Viewing IDS Active Blocked List

The IDS Active Blocked List table displays the remote hosts that are currently blocked by the device's Intrusion Detection System (IDS).

For more information on IDS configuration, see Intrusion Detection System

For devices in High-Availability (HA) mode, all the table's entries are deleted upon an HA switchover.

The following procedure describes how to view the IDS Active Blocked List table through the Web interface. You can also view the table through CLI using the command, show voip ids blacklist active.

To view the active IDS blocked list:
Open the IDS Active Blocked List page (Monitor menu > Monitor tab > Network Status folder > IDS Active Blocked List).
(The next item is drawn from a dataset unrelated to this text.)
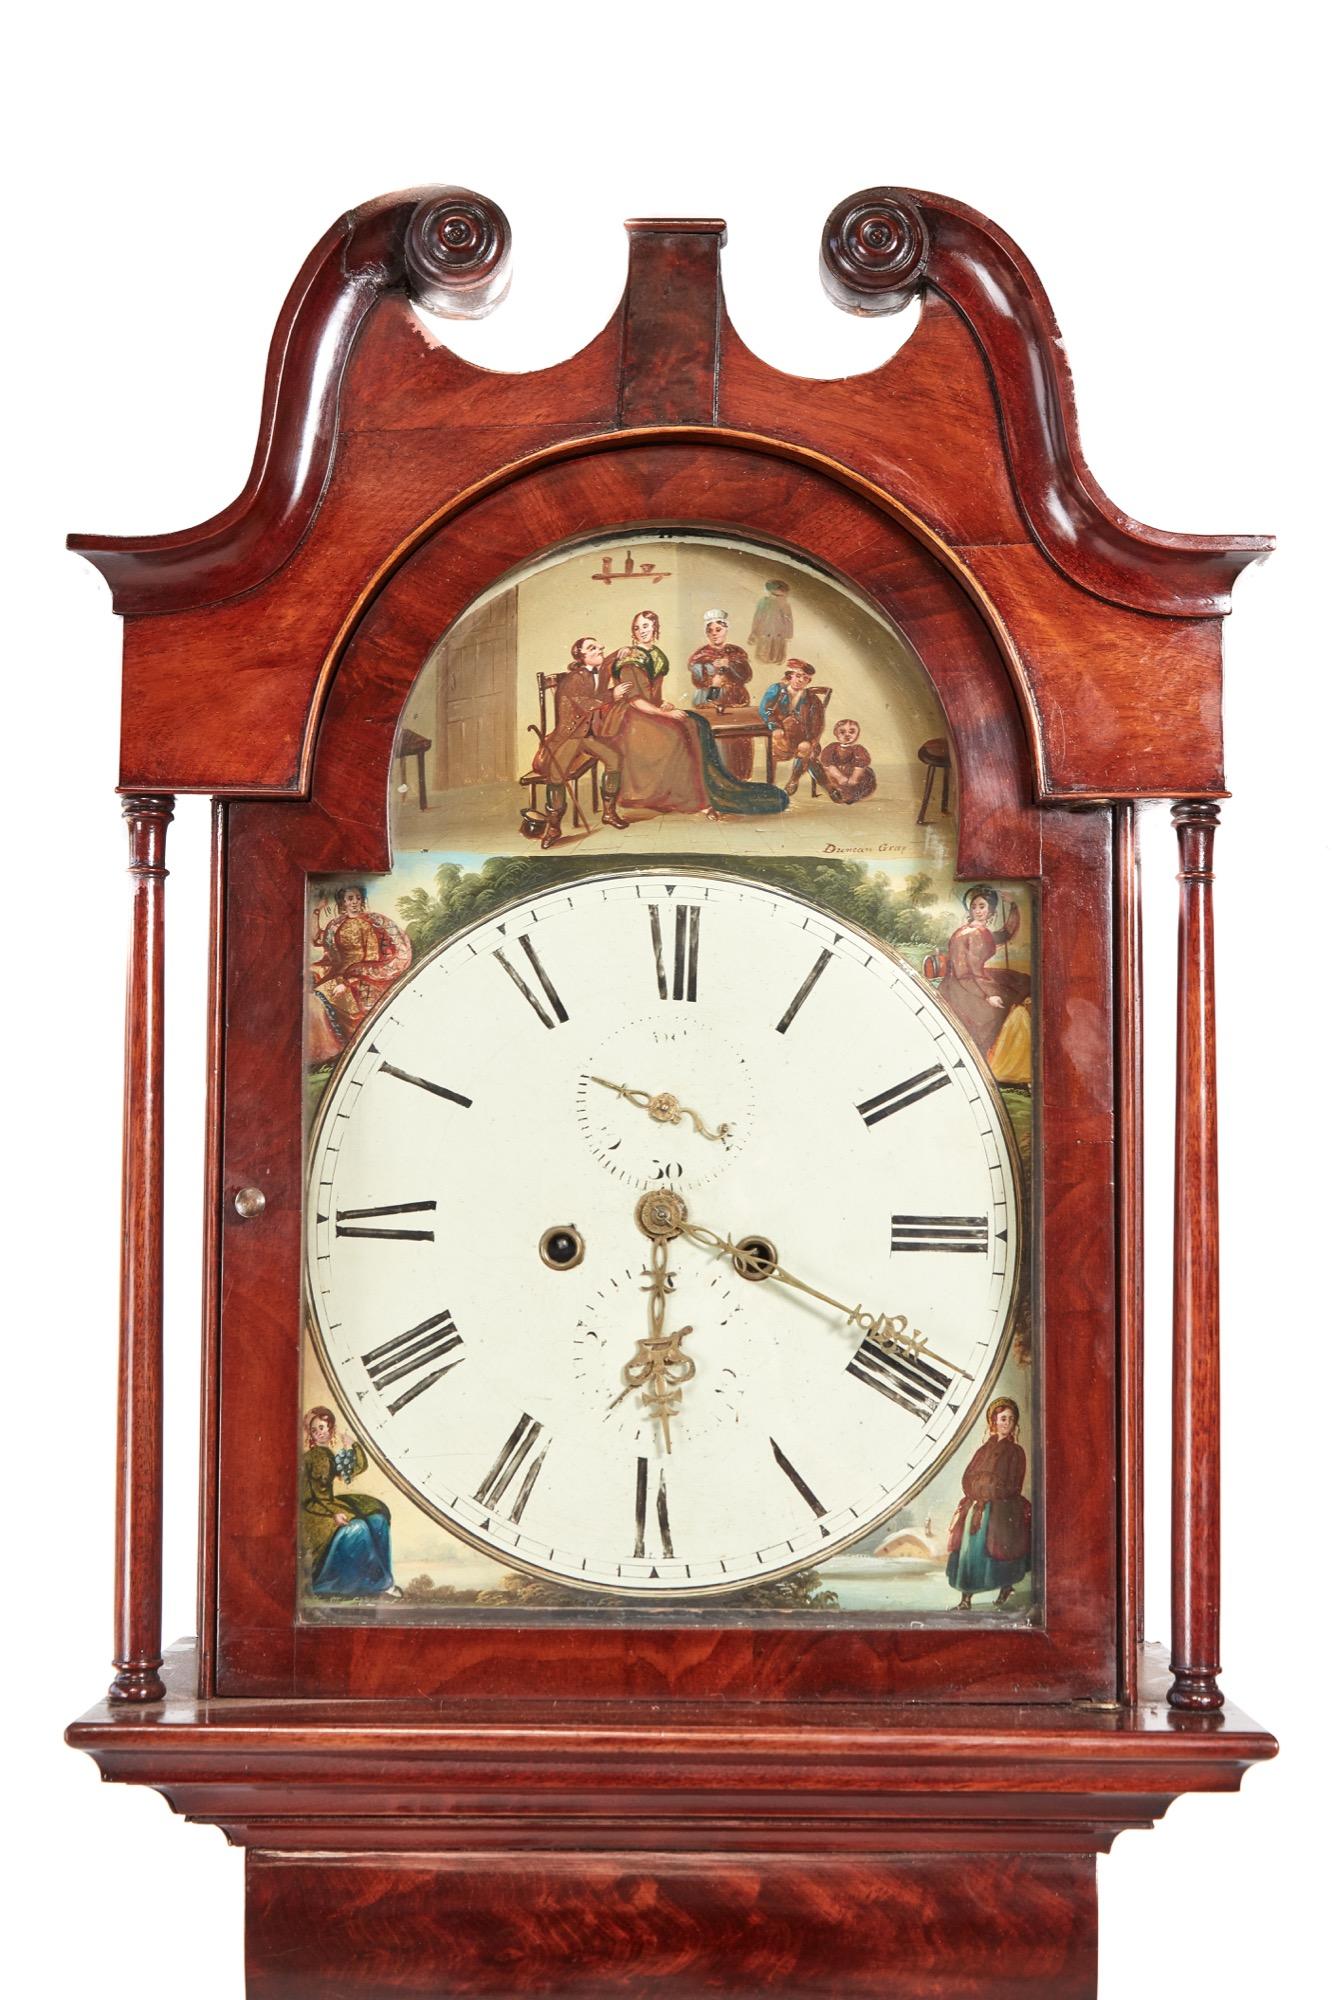 Antique mahogany eight day long case clock, the hood with a swan neck pediment, lovely decorative and colorful painted dial with date and seconds dial, eight day duration mechanism striking the hour on a bell, lovely flame mahogany case standing on

IDS Active Blocked List Table Description

Field

Description

Remaining Time

The duration left until the device deletes the attacker (remote host) from the table and takes it off the IDS blocked list. The blocked period is configured by the 'Deny Period' (IDSRule_DenyPeriod) parameter.

Network Interface

The device's IP Interface on which the malicious attack was detected.

IP Address

The IP address of the attacker (remote host).

Port

The port of the attacker (remote host).

Note: The field is applicable only if the 'Threshold Scope' (IDSRule_ThresholdScope) parameter of the associated IDS rule is configured to IP+Port.

Transport Type

The transport type used for the attack.

Removal Key

A unique number (key) that the device assigns to the listed blocked entry. This is used if you want to remove a specific blocked entry from the table, which is done through the CLI command, clear voip ids blacklist <Removal Key>.